# Fan icon in the iPhone app?



## rareohs

I apologize for the extremely rudimentary question, but on the main page of the iPhone Tesla app, there is your car and beneath it are 3 icons: fan / frunk / lock

what is the fan for??


----------



## Valkeriefire

Good question. I’ve been afraid to push it.


----------



## Audrey

If it's like the Android app, it's for climate preconditioning; it's an on/off shortcut.

If you go into climate and "turn on," then go back to main screen, you'll see the fan icon changed.


----------



## rareohs

Audrey said:


> If it's like the Android app, it's for climate preconditioning; it's an on/off shortcut.
> 
> If you go into climate and "turn on," then go back to main screen, you'll see the fan icon changed.

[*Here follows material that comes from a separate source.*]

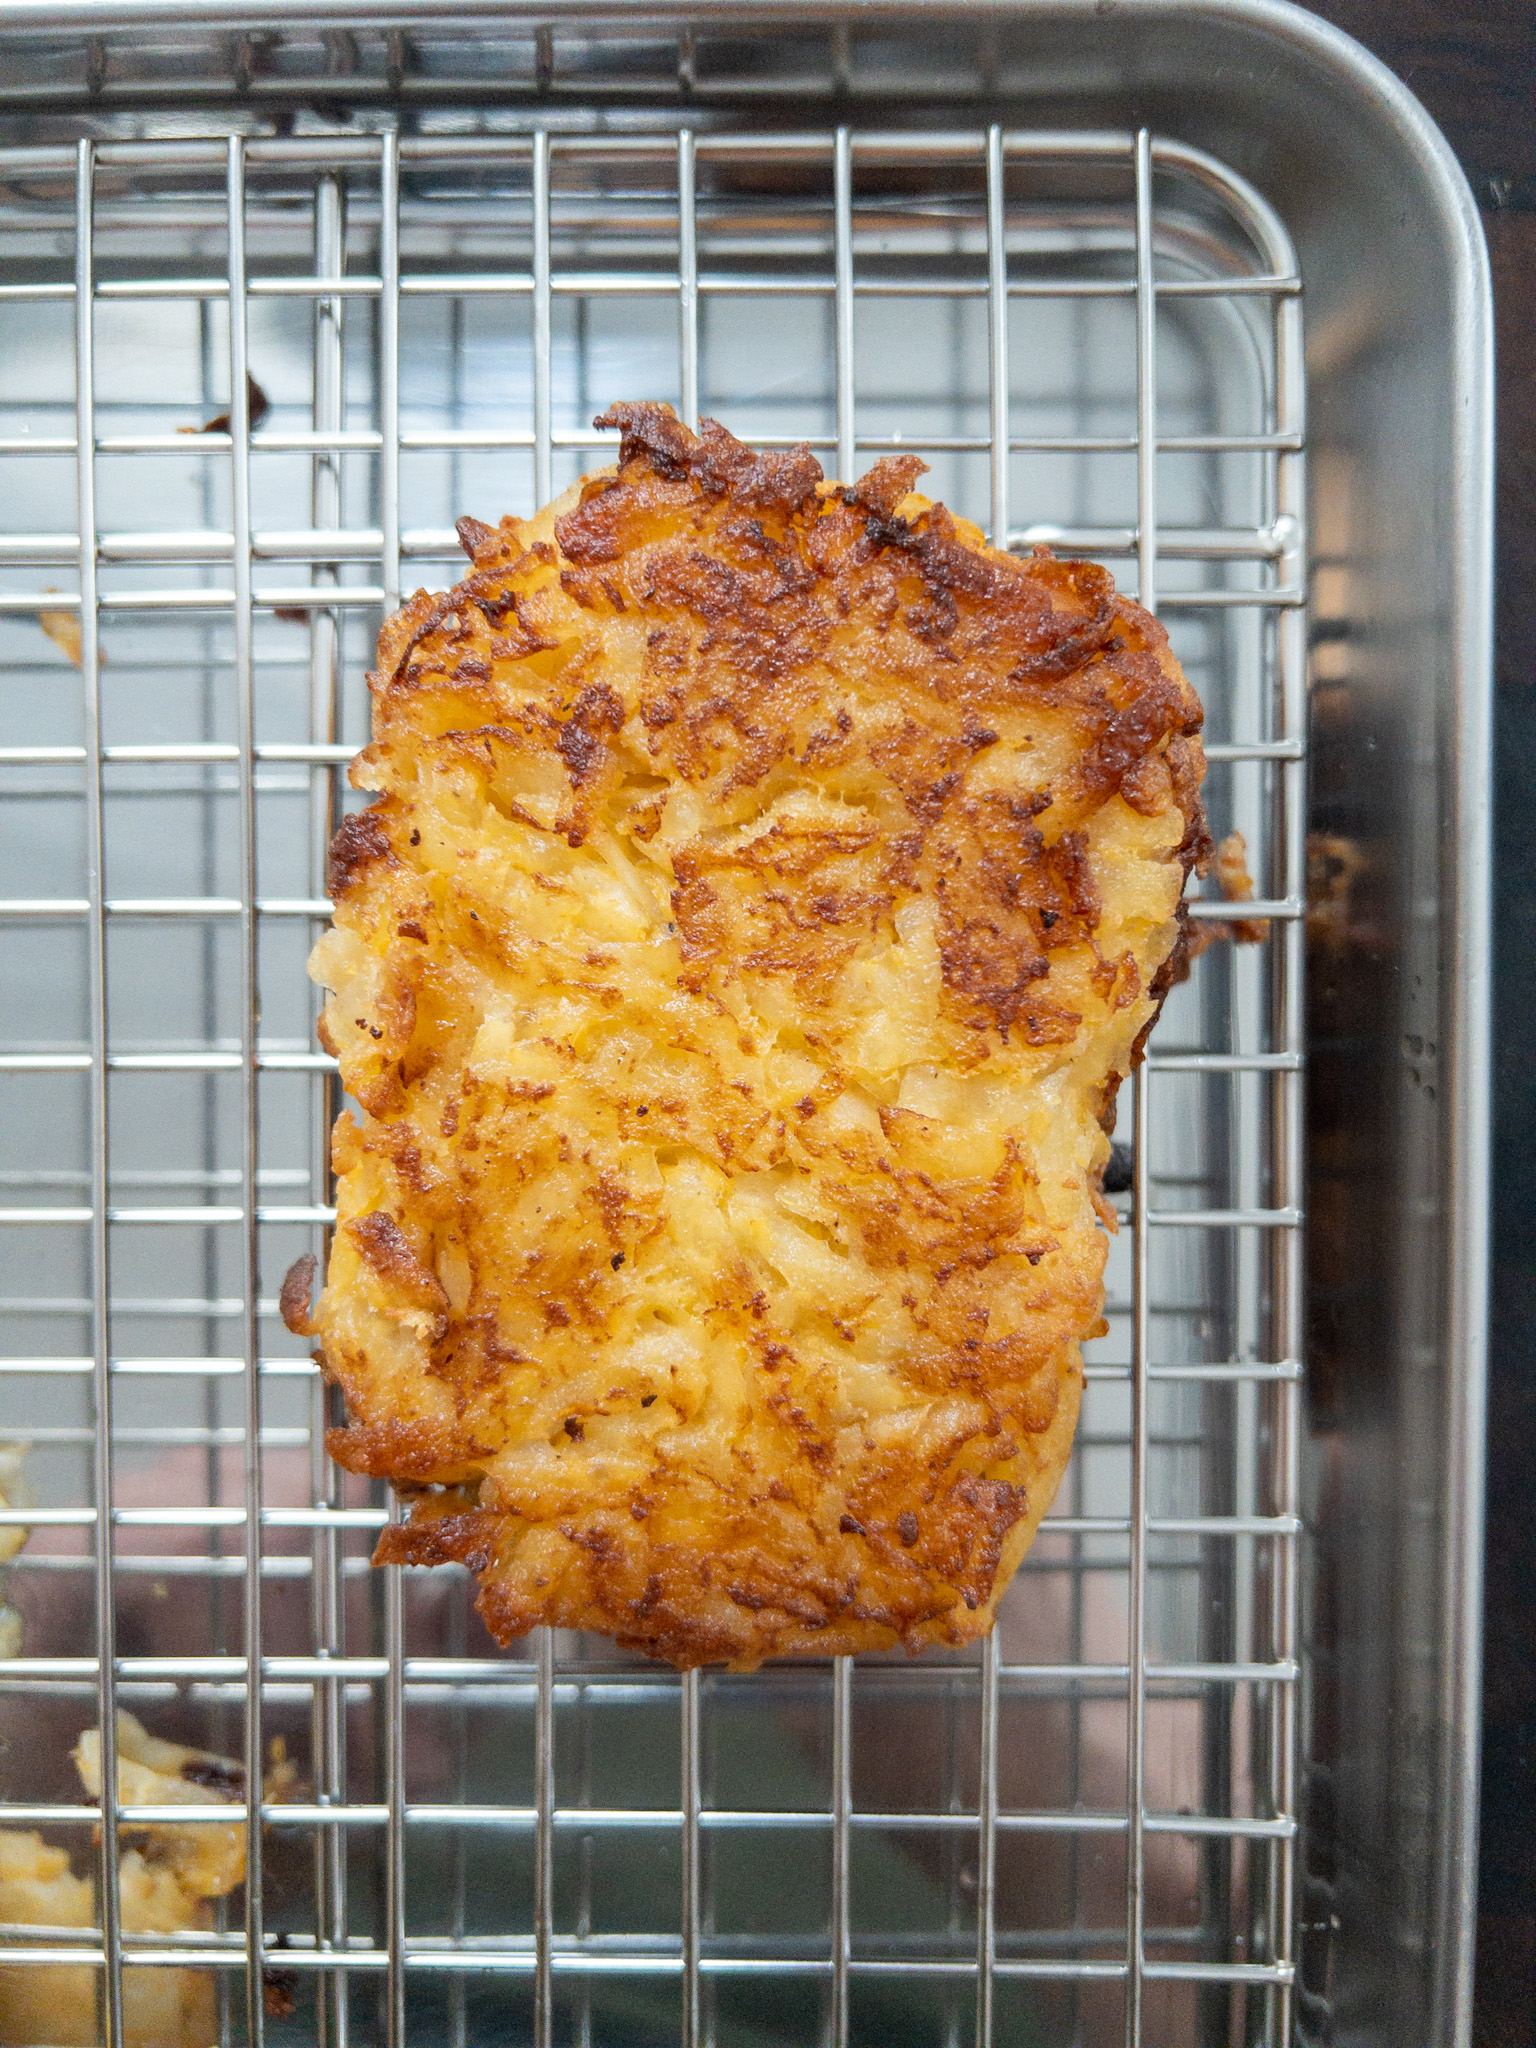 Overhead shot of a home made hash brown on a wire rack

thanks!But you'd still have to go into Climate to set a specific temp right?


----------



## Audrey

rareohs said:


> thanks!But you'd still have to go into Climate to set a specific temp right?


If you want to adjust it from what's set on the climate screen most recently, yes.


----------



## SoFlaModel3

@Audrey is correct -- it's just a quick jump to turn on the A/C (saves the extra tap). In my case the temperature is only ever on "Lo", so I use this quick action icon daily.


----------